Luckily, Talos survives, which is good news because he’s probably my favorite Captain Marvel character when we’re not counting Goose. I very much hope we might glimpse him again in Carol Danvers’ future adventures.
While some of the ways Captain Marvel handled their casting news—especially concerning Jude Law—baffled me, Mendelsohn was the perfect choice to throw us for a loop, and the press around him was perfect for concealing the surprise twist in his role. Why would we expect him to be anything other than the bad guy? Of course Ben Mendelsohn is playing the villain, what else does he do?
As it turns out, he can do quite a lot. The actor embodied menace, humor, and warmth in equal degrees, and he’s convincing even under layers of green makeup and elongated ears.

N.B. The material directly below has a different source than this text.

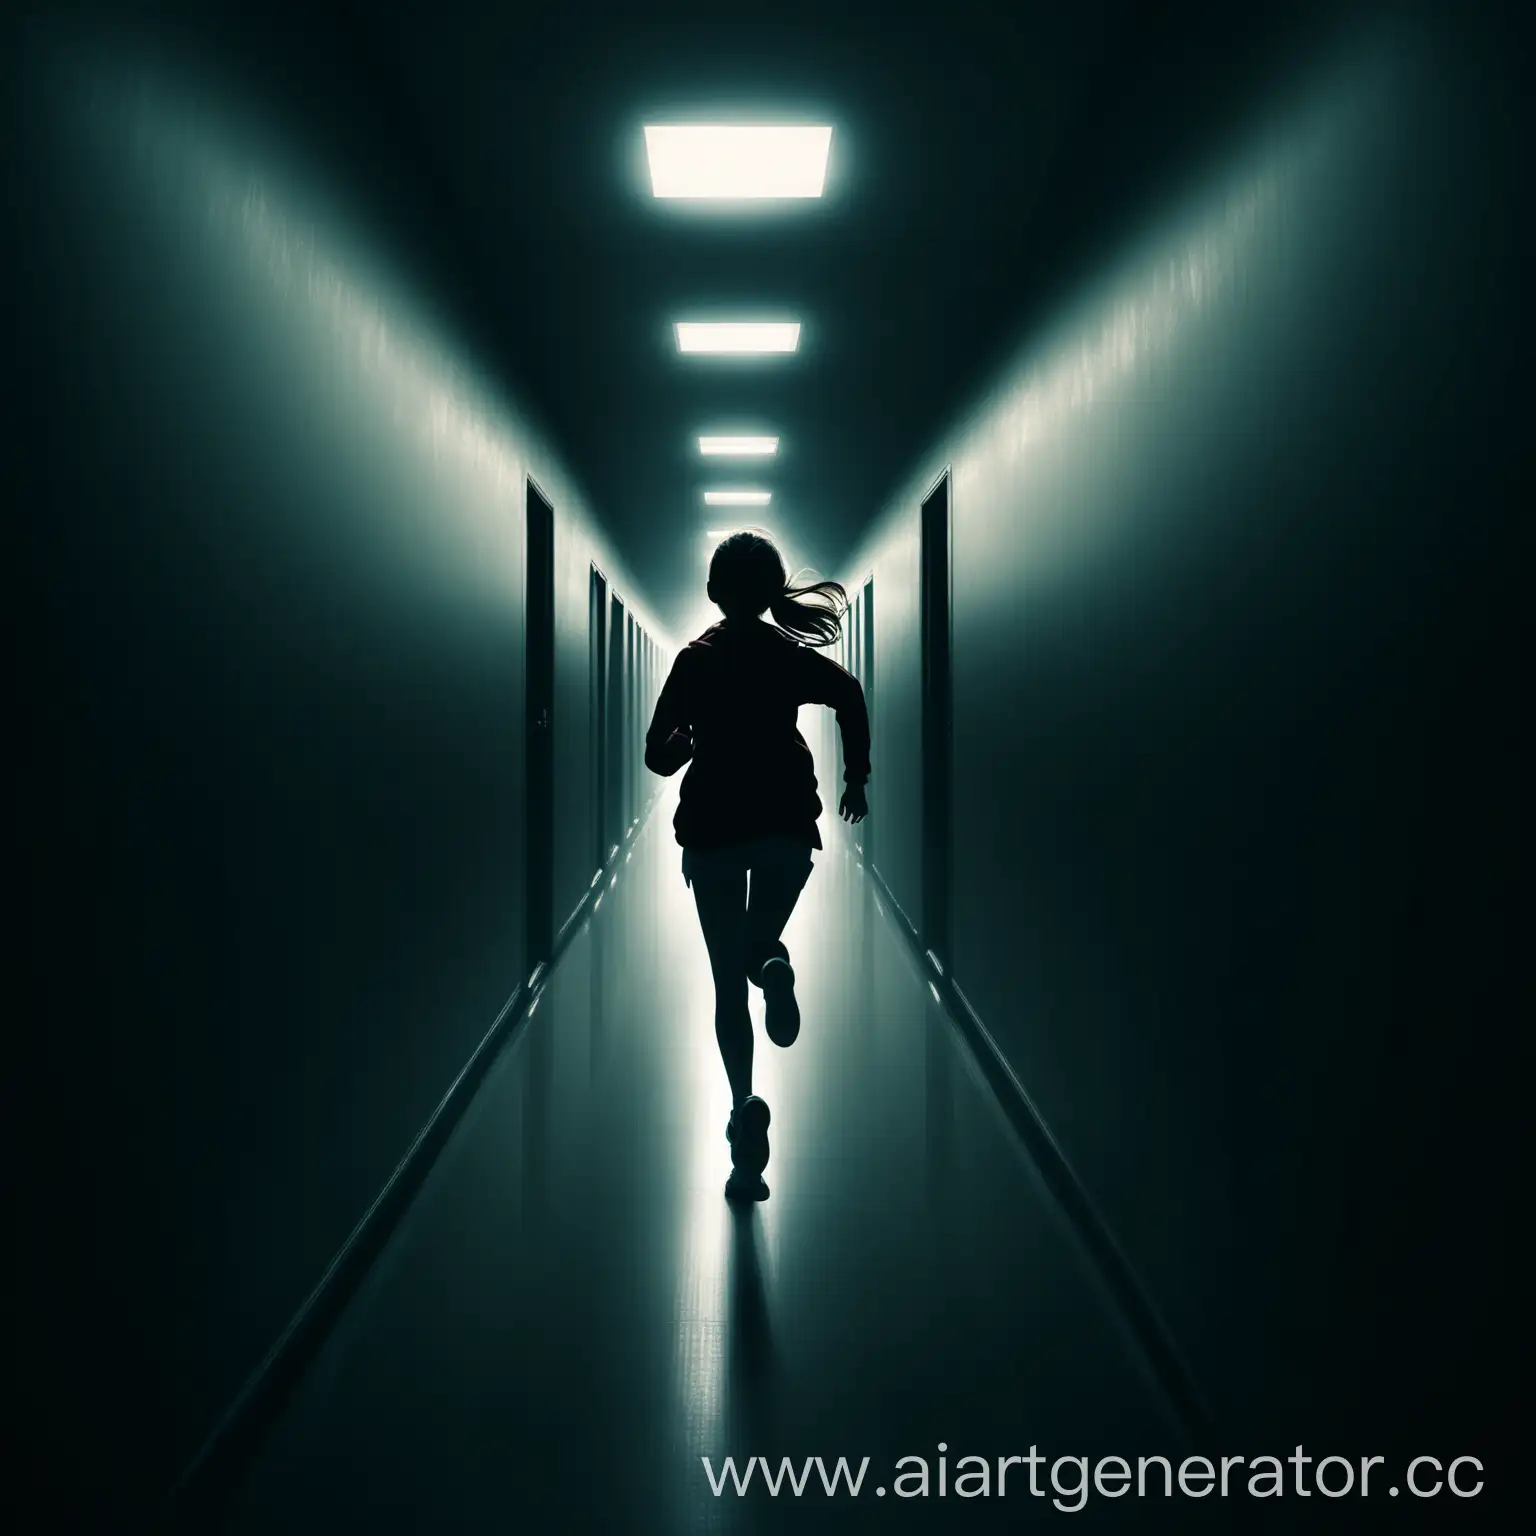 Young-Girl-Running-Through-Shadowy-Corridor

I hope Hollywood was taking note: while Mendelsohn may have the market on villainy cornered, he’s also excellent on the light side of the force. “Typecasting” him as Talos, only to reveal the breadth of his range, was the biggest reveal that Captain Marvel managed to blindside me with. And it was one of Marvel’s most inspired casting accomplishments to date, save for four of Captain Marvel‘s other big names.